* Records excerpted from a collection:
..........

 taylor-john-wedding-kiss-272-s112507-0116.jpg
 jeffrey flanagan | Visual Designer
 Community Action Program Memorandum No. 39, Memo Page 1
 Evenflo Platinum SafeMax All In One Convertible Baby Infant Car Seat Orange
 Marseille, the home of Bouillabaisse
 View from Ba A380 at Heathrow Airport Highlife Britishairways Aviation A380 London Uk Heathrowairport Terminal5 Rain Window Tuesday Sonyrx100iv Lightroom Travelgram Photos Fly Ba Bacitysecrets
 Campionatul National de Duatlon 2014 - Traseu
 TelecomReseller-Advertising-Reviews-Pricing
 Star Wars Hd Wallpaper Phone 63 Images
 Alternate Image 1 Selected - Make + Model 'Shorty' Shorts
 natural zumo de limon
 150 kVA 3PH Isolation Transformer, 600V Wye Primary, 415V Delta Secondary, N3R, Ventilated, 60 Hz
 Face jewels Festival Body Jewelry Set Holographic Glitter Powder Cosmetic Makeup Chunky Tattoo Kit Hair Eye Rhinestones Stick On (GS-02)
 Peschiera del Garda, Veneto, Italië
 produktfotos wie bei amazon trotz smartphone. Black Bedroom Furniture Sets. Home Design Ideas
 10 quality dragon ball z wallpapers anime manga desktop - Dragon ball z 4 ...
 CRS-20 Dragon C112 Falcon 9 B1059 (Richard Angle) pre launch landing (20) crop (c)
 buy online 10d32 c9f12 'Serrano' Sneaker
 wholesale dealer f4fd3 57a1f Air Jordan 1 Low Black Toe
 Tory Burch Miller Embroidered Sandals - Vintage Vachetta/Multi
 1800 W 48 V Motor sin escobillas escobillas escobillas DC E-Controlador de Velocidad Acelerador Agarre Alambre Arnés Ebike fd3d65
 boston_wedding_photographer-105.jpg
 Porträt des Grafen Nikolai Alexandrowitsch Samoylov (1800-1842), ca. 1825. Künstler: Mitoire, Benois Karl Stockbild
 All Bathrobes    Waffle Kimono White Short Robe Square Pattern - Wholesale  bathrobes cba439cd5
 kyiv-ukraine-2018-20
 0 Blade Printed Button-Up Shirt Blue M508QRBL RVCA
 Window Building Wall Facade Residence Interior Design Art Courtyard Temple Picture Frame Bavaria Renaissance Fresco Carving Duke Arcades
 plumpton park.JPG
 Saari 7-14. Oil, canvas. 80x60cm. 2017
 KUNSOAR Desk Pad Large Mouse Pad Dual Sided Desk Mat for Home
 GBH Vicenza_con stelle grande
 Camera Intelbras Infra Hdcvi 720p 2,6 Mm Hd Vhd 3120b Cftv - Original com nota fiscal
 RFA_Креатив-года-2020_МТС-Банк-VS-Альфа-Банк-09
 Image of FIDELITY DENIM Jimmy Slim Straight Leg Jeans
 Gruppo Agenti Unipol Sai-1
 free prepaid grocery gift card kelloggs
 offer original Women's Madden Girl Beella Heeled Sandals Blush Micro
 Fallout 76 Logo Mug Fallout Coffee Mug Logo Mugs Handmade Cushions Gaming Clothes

..........

* Problem statement:
The reply must consist solely of the lines from the one containing "Gruppo Agenti Unipol Sai-1" through the last line of the data, reproduced exactly.

* Reply to the task:
 Gruppo Agenti Unipol Sai-1
 free prepaid grocery gift card kelloggs
 offer original Women's Madden Girl Beella Heeled Sandals Blush Micro
 Fallout 76 Logo Mug Fallout Coffee Mug Logo Mugs Handmade Cushions Gaming Clothes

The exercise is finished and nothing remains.